During well planning, the directional driller must consider several factors to determine the required trajectory, particularly dogleg severity (DLS)—the rate of change in wellbore trajectory, measured in degrees per 30 m [100 ft]—as well as the capabilities of the BHA, drillstring, logging tools and casing to pass through the doglegs. Drilling limitations include rig specifications such as maximum torque and pressure available from surface systems. Geologic features such as faults or formation changes need to be carefully considered; for example, very soft formations may limit build rates, and formation dip may cause a bit to walk, or drift laterally. Local knowledge of drilling behavior enables the directional driller to derive the correct lead angle needed to intercept the target.
The skill of the directional driller lies in projecting ahead, estimating the spatial position of the bit and, based on the specific circumstances, deciding what course to take to intercept the target or targets. In the early days of directional drilling, a manual slide rule device was used to calculate the toolface angle required to drill from the last survey station to a target.
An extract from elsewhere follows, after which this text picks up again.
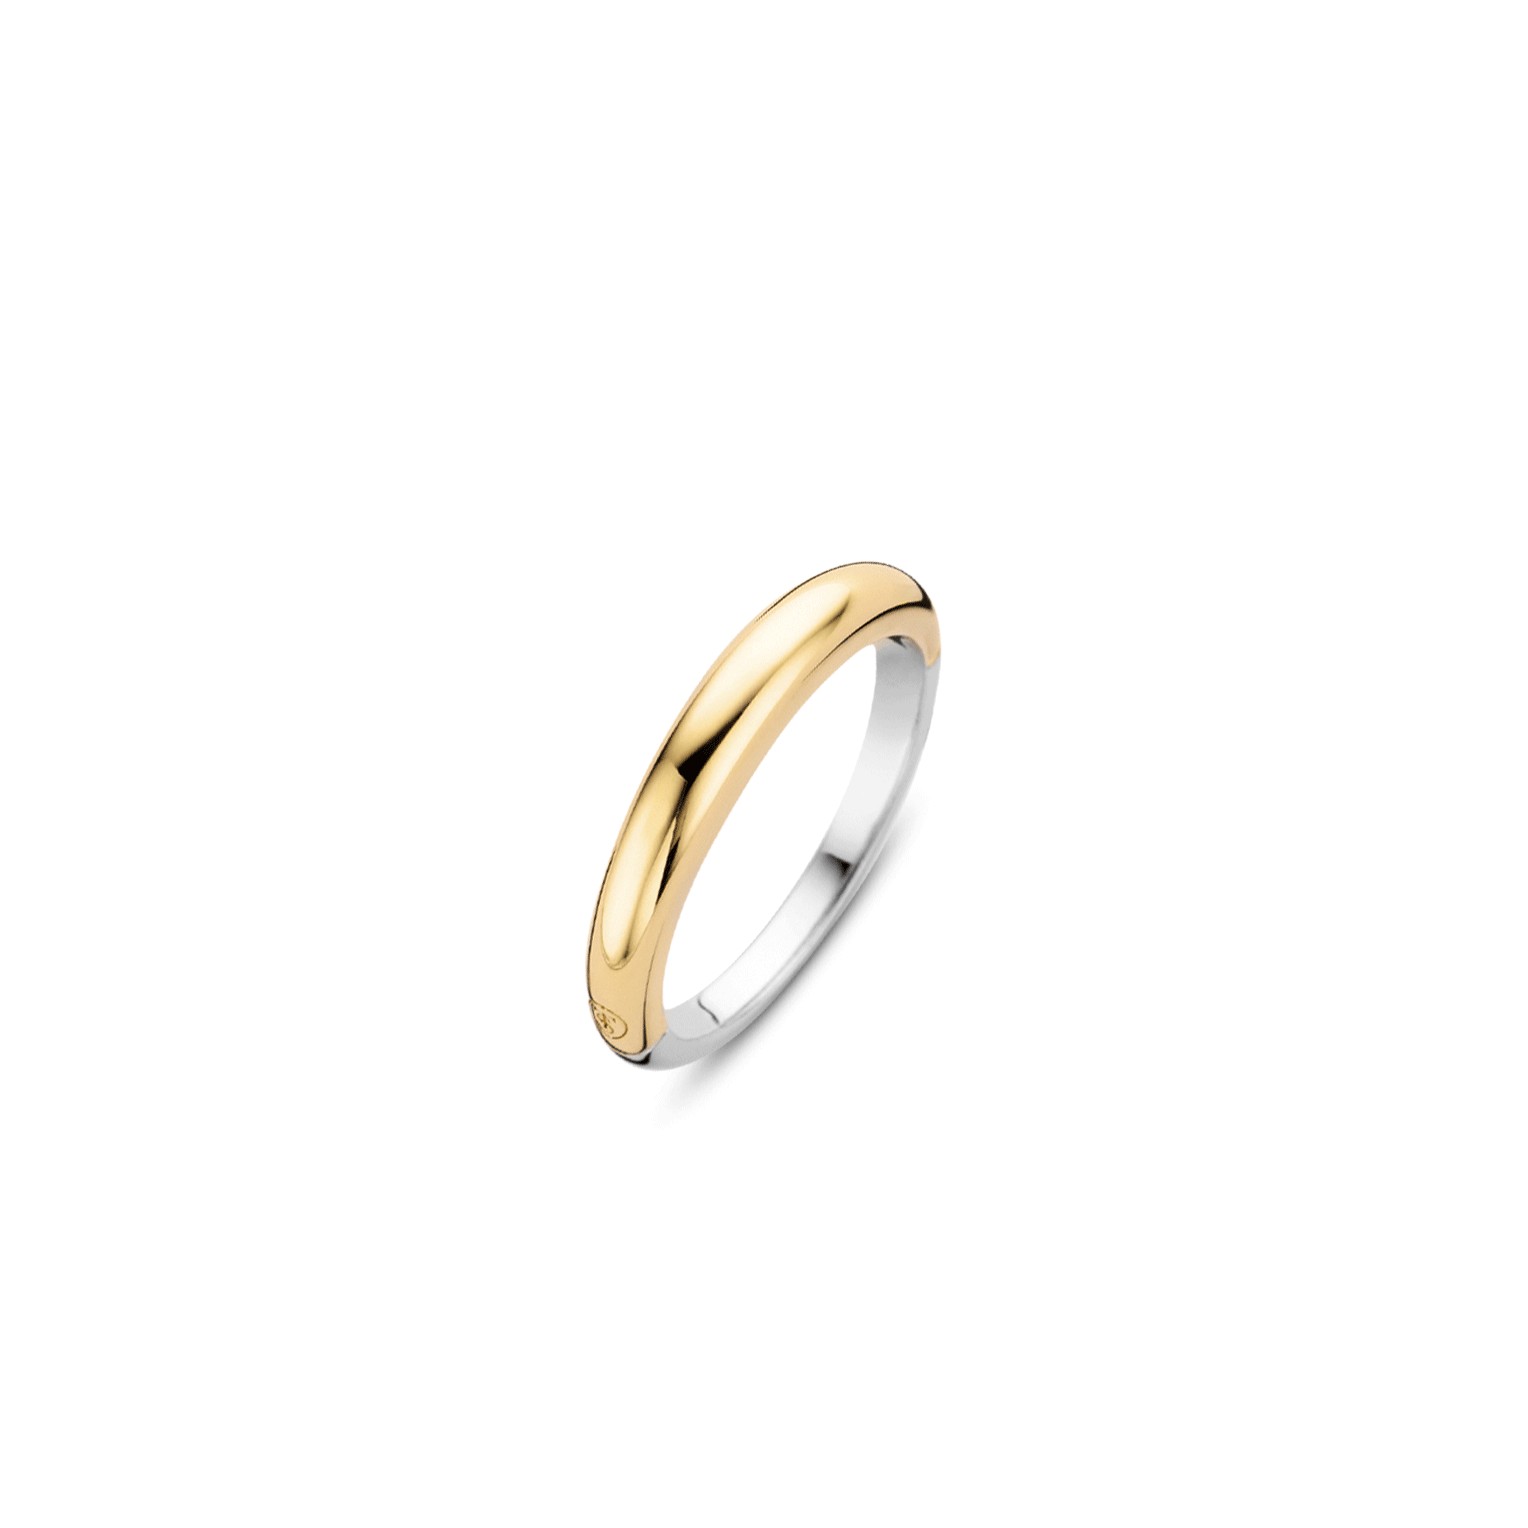 TI SENTO - Milano Ring 12104SY Gala Jewelers Inc. White Oak, PA

Today, computer programs perform the same function.
Directional Drilling Operations
To steer a well to its target, directional drillers employ the following techniques:
Jetting—A jetting assembly provides directional capability while drilling through loose or unconsolidated formations. Jetting bits are roller cone bits with either a large extended nozzle in place of one of the cones, or with one large nozzle and two small nozzles. The large nozzle provides the “high side” reference, and the well path is deflected by alternately sliding or rotating the drillstring.
Nudging—This technique is often used in tophole sections, where several wellbores in close proximity to one another can pose magnetic interference issues and increase the risk of collision with other wellbores. The well path is nudged, or deflected, from vertical to pass the hazard—then steered back to vertical when the hazard has been passed.
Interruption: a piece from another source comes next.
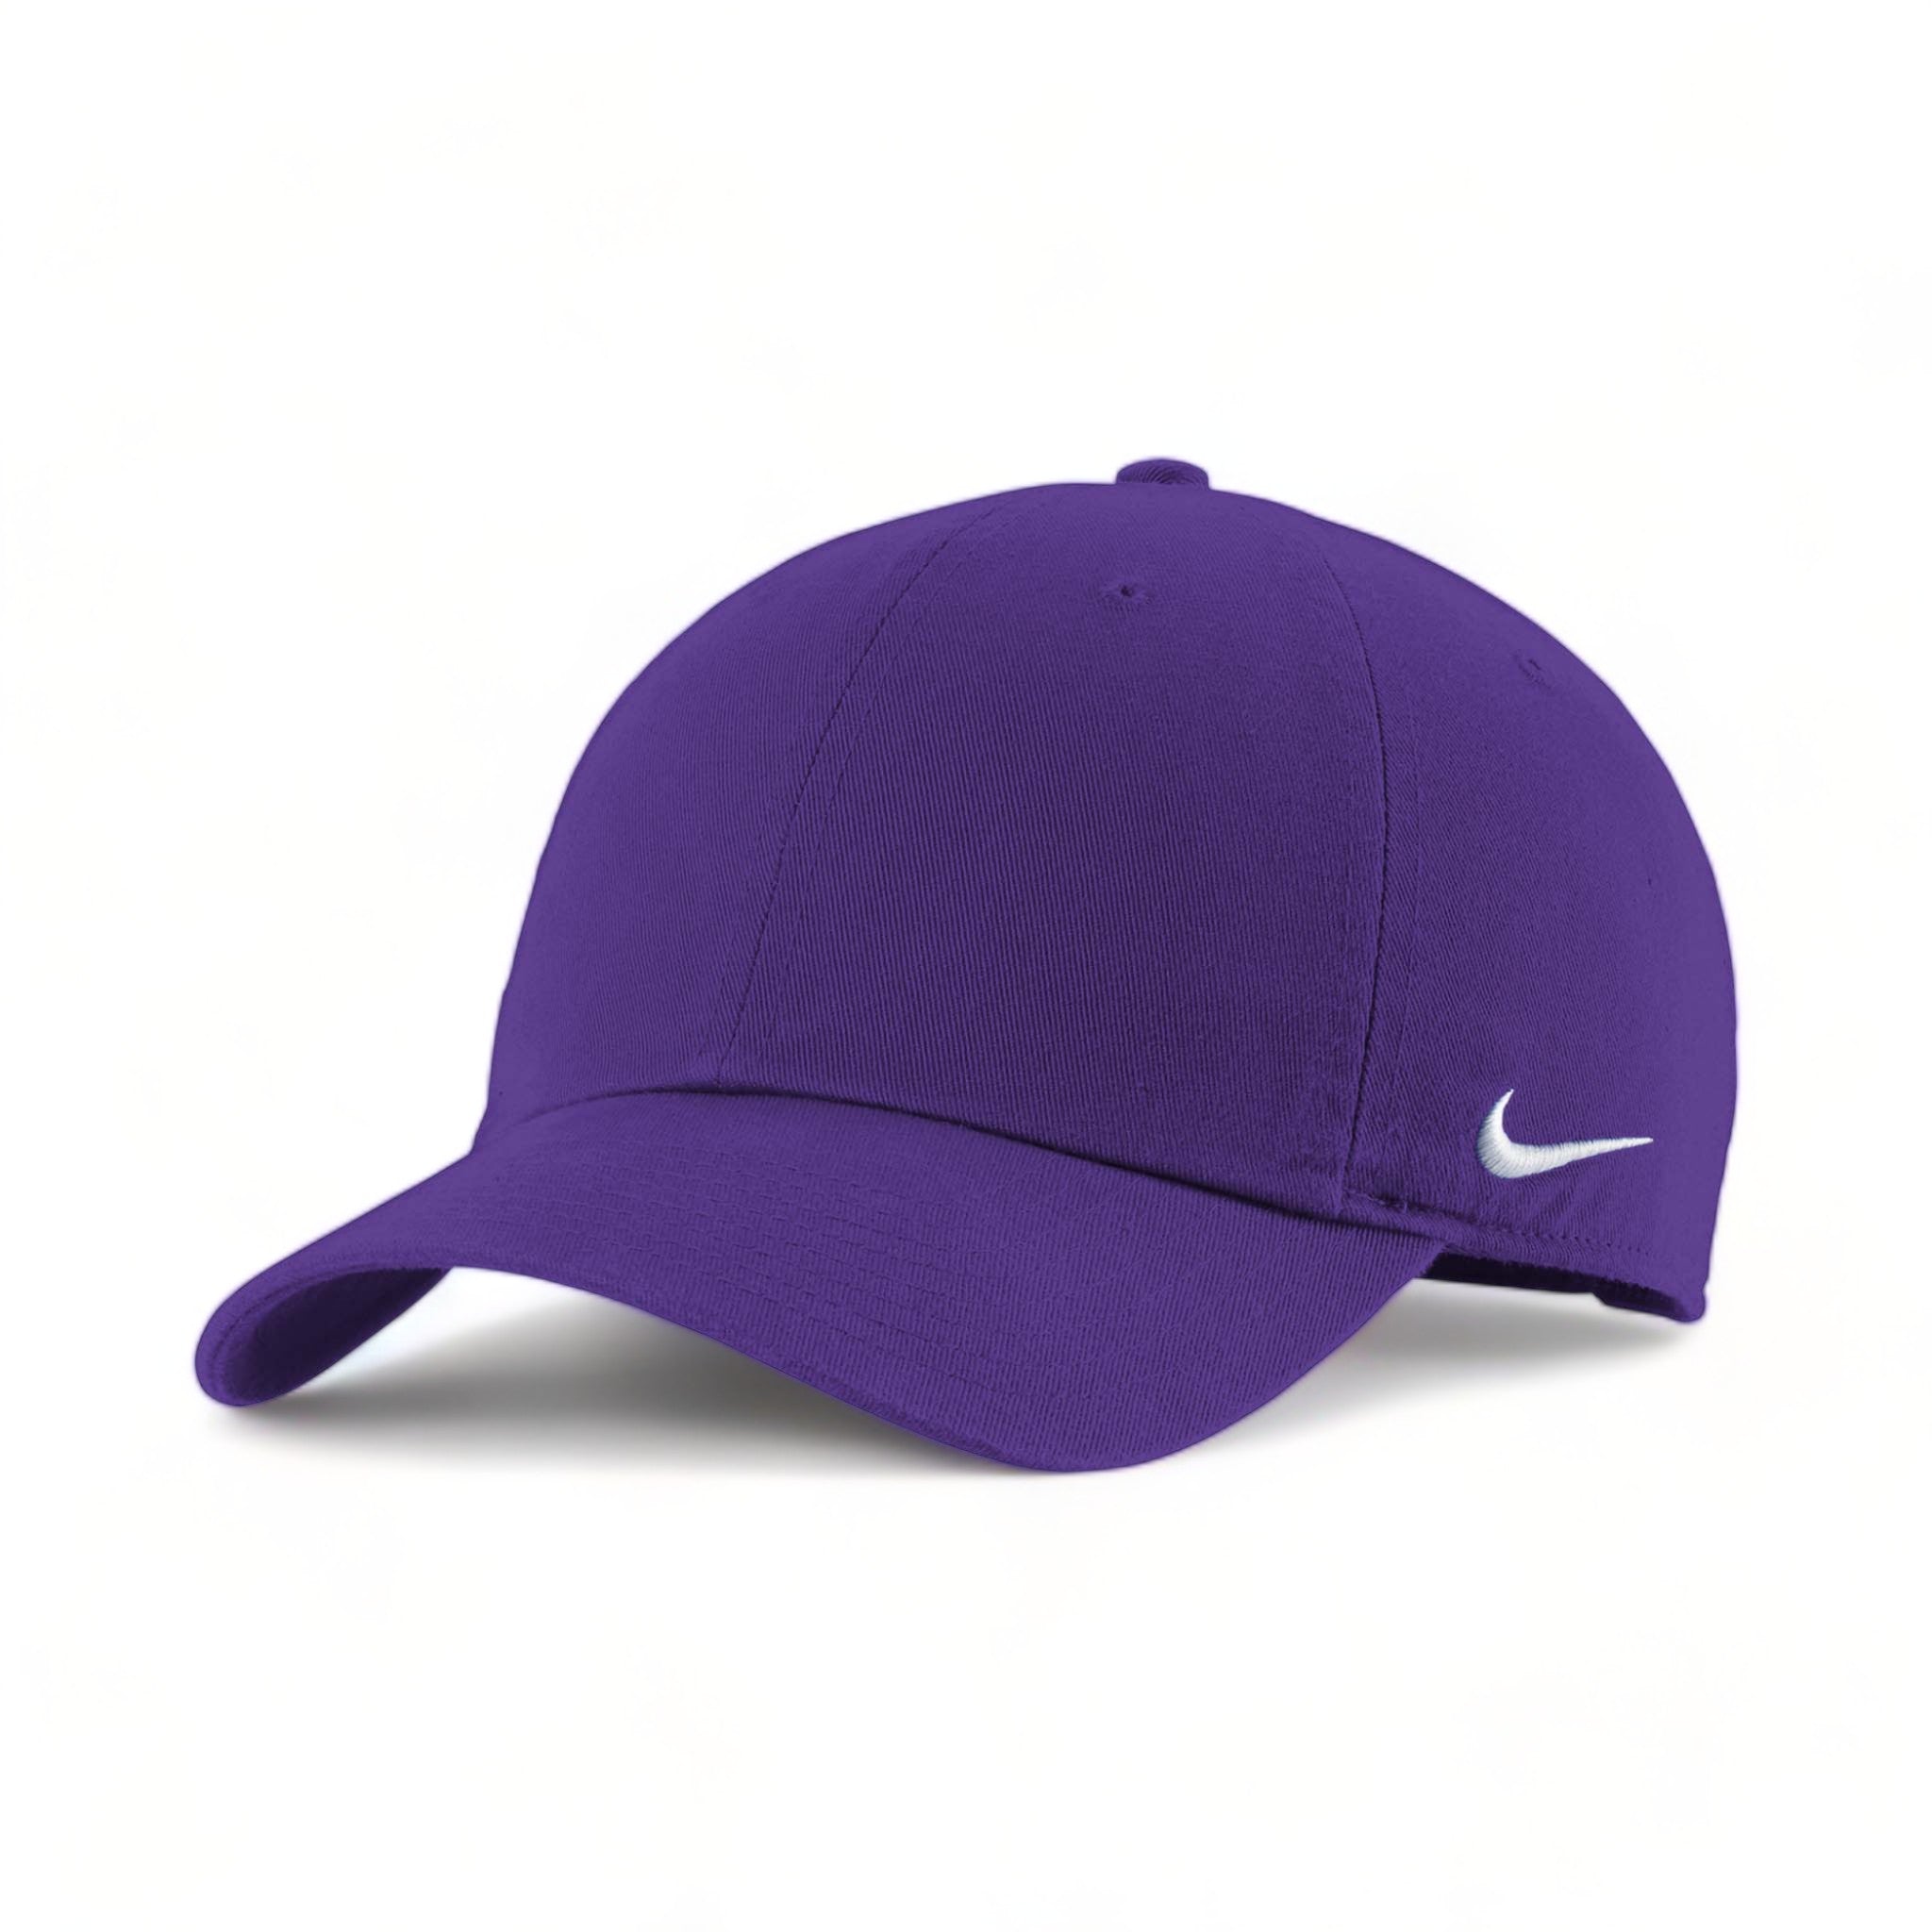 Custom Nike Heritage Cotton Twill Hat

Kicking off—Diverting a well path from one trajectory to another is called kicking off. The number of KOPs in a single well path depends on the complexity of the planned trajectory.
Sidetracking—Deflecting a well path from an existing wellbore, or sidetracking, is performed for a variety of reasons such as avoiding a well collapse, a zone of instability or a section of previously drilled wellbore containing unretrieved fish (junk or tools left in the well). This technique is also used to initiate multilateral drilling operations. Operators also drill vertical pilot holes to confirm reservoir true vertical depth (TVD), then sidetrack horizontally to maximize reservoir exposure. They sometimes sidetrack wells when expected targets are not encountered.
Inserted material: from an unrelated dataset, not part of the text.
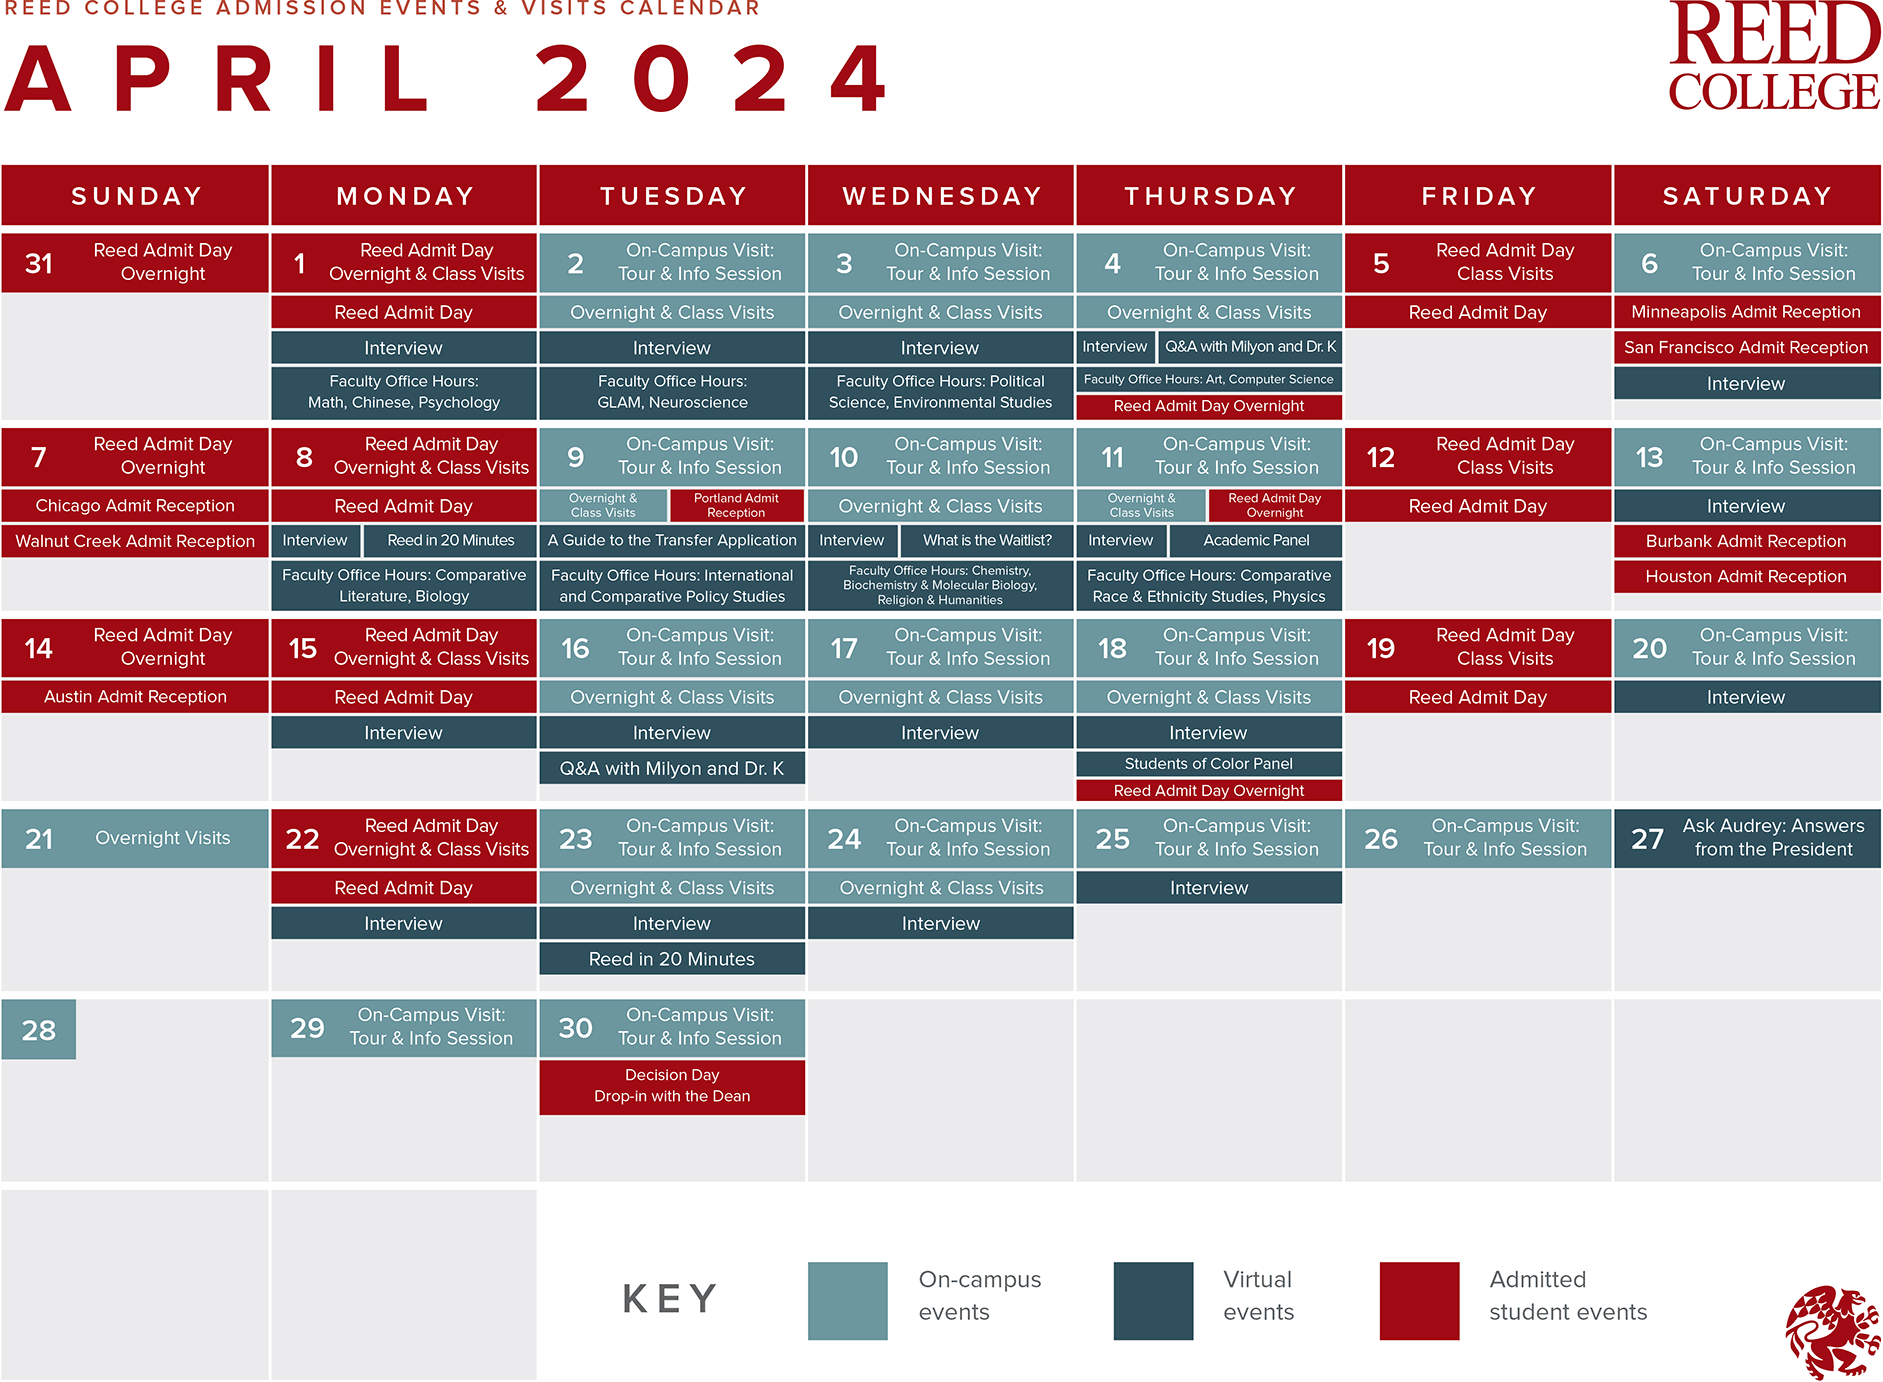 April 2024 Admission events calendar

Whipstock operations—A whipstock is a wedge-shaped steel tool deployed downhole to mechanically alter the well path. The whipstock is oriented to deflect the bit from the original borehole at a slight angle and in the direction of the desired azimuth for the sidetrack. It can be used in cased or open holes.
Geosteering—Geosteering uses formation evaluation data obtained while drilling—primarily through measurements-while-drilling (MWD) or logging-while-drilling (LWD) sensors—to provide real-time input for steering decisions in horizontal and high-angle wells. Recent improvements in telemetry allow MWD and LWD data to be transmitted faster and with greater data density than in the past, greatly increasing the accuracy with which the well trajectory can be controlled.